Imagine if all of that money and energy were spent on developing ourselves, our relationships, our families, and our society. Just imagine if millions of people could suddenly trust society to treat us just like anyone else, and we could rely safely on that legal, structural foundation as we reached out to family, church, co-workers, and people we don't even know. Just imagine if we could stop exhausting the energy and money of millions of self-aware, civically-minded people who know what it's like to need.
If we gain the equality before the law which our Constitution supposedly promises, anti-gay people lose nothing other than legal shelter under which to blame us for society's failures rather than work on being better people, better churches, better, stronger, more inclusive communities.

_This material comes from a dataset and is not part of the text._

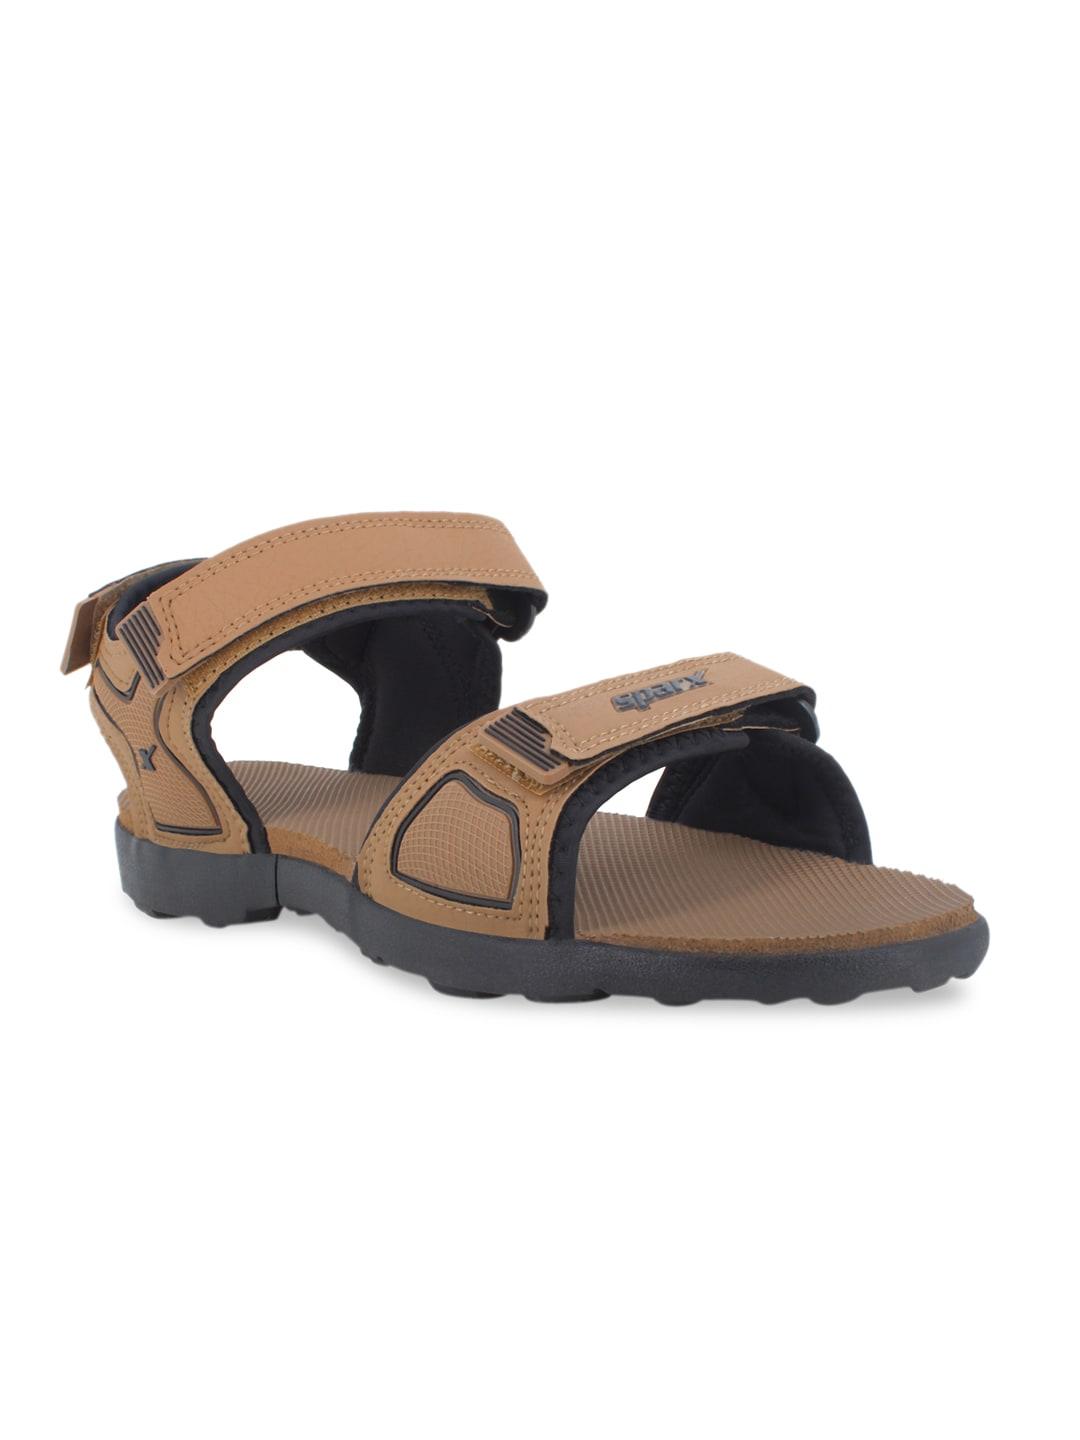 sparx-men-camel-brown-&-black-sports-sandals

It's easy to unite in telling people what you're not -- it's harder work to unite around who you are. We're told again and again by religious extremists (and "moderates" like Rick Warren) that if gay people gain equality, millions lose...something. That "something" is a highly variable, nebulous shell game. This is not a zero-sum equation. When we win equality, society wins.
[Update: Wow...rec list? I'm very, very humbled. And hopeful that, even now, more people might be listening. Maybe. Thank you for honoring my (our...my spouse is my best editor) diary.]